Causes and Concomitant Diseases

Usually, abnormal enlargement of pelvis appears with various abnormalities of the urine flow, which occurs for a number of reasons:

  • Narrowing of the lumen of the urinary tract;
  • Their clogging;
  • Twisting of the ureter canal.

Due to these reasons, the accumulated urine is unable to escape from the loch compartments, which expand under its pressure. In early childhood, pyelonectasia is formed due to anomalies in the development of a kind of inflection or congenital narrowing of the ureteral lumen. Also, the expansion of pelvis leads to urolithic pathology, in which the concrement can linger not only in the ureter itself, but also in the renal pelvis.
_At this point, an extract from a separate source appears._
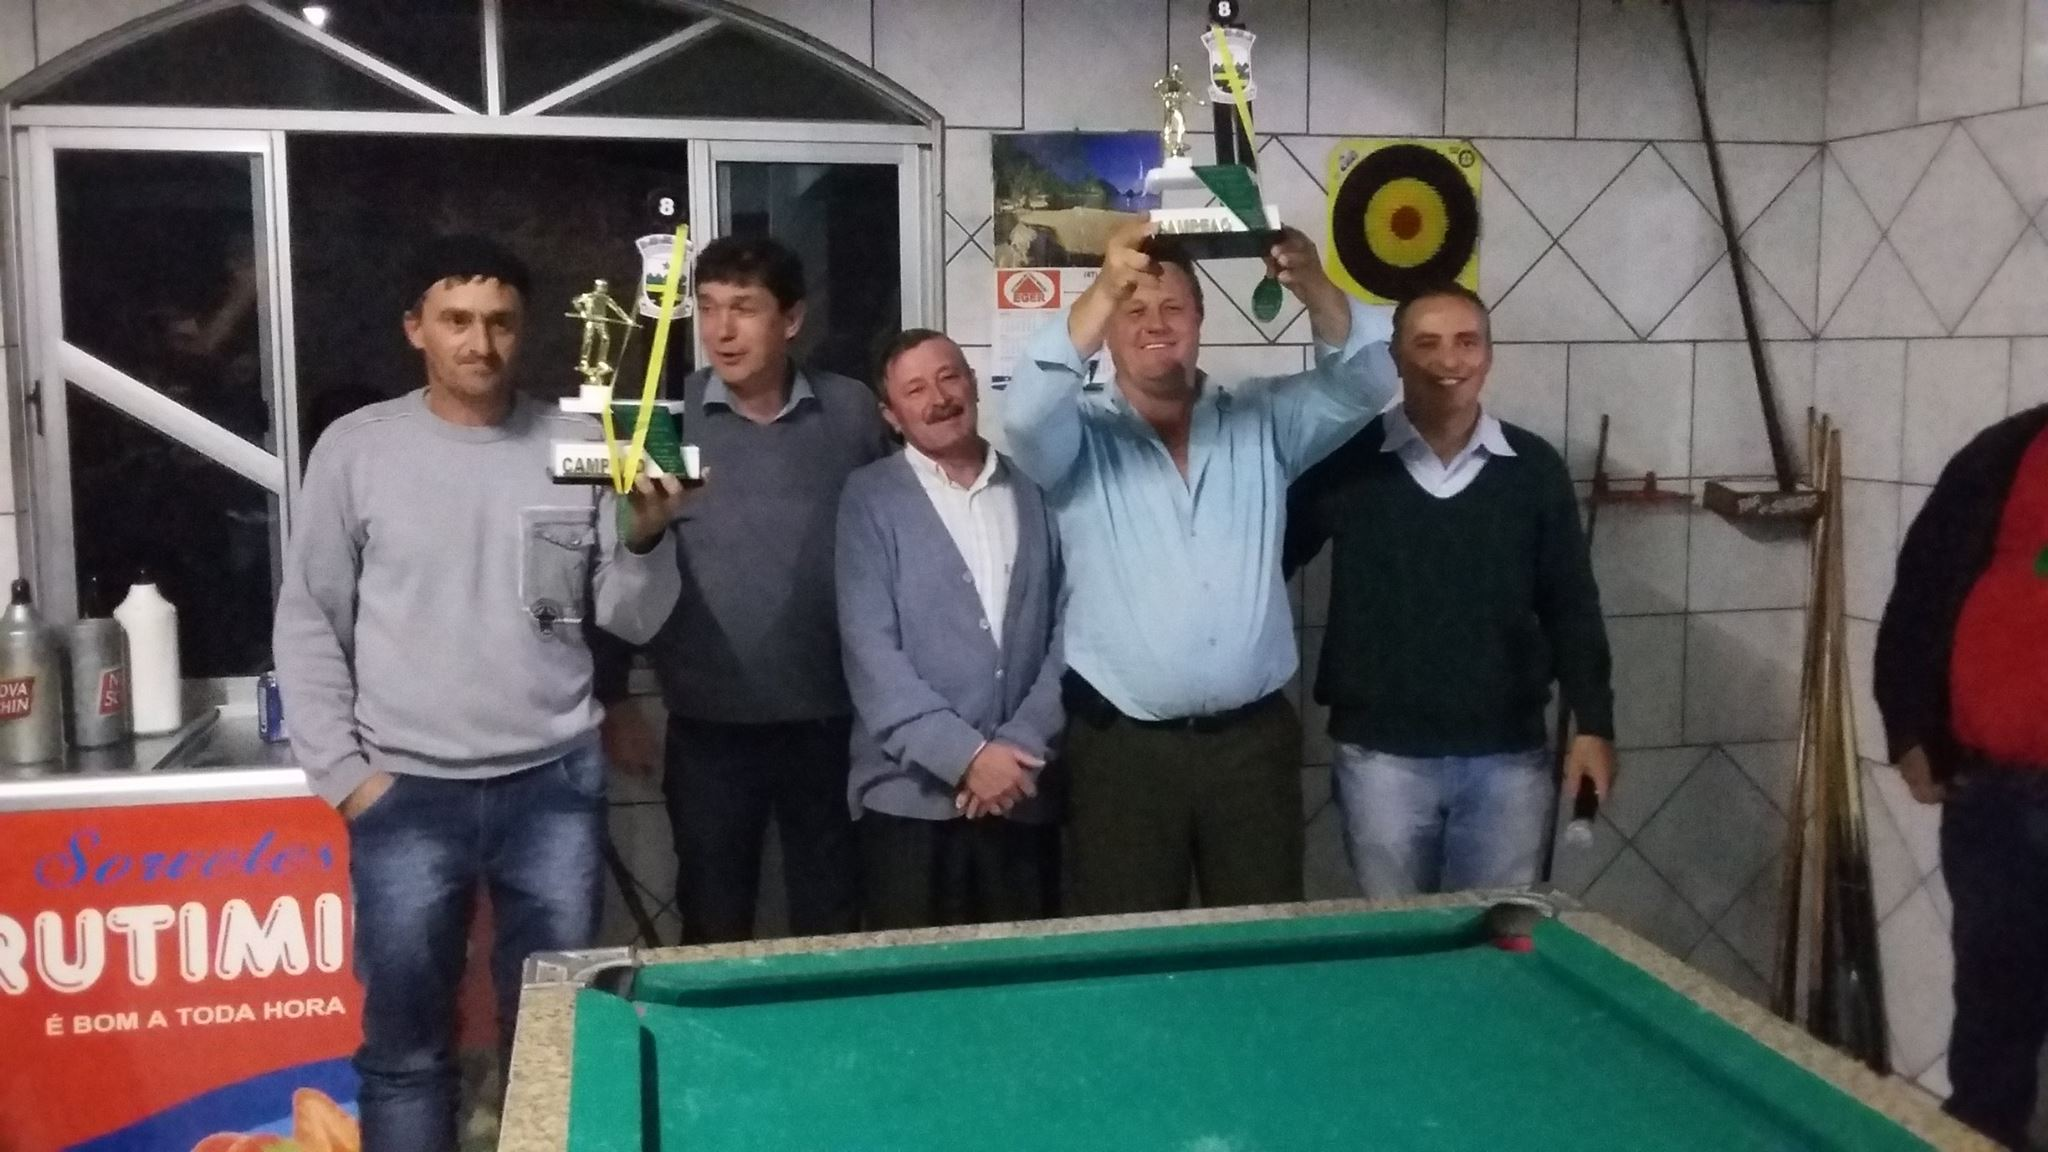 Campeonato Municipal de Sinuca de Petrolândia chega ao fim

In general, specialists identify four etiological categories that trigger the development of pyeloectasia:

  1. Congenital organic factors associated with abnormalities in the physiological development of the urinary tract, ureter, or the kidney itself;
  2. Congenital dynamic causes such as neurogenic urinary disorders or compression of the ureter against a phimosis process;
  3. Organic acquired when the ureter narrows due to a traumatic factor. On the background of urolithiasis, renal omission, tumor processes in neighboring structures or inflammatory lesions in the urinary canals, cicatricial changes occur, which leads to narrowing of the lumen;
  4. Acquired dynamic factors arising from ureteral spasms, infectious lesions, tumor prostatic or urethral processes. In addition, there can be included cup-pelvic inflammatory lesions and hormonal changes.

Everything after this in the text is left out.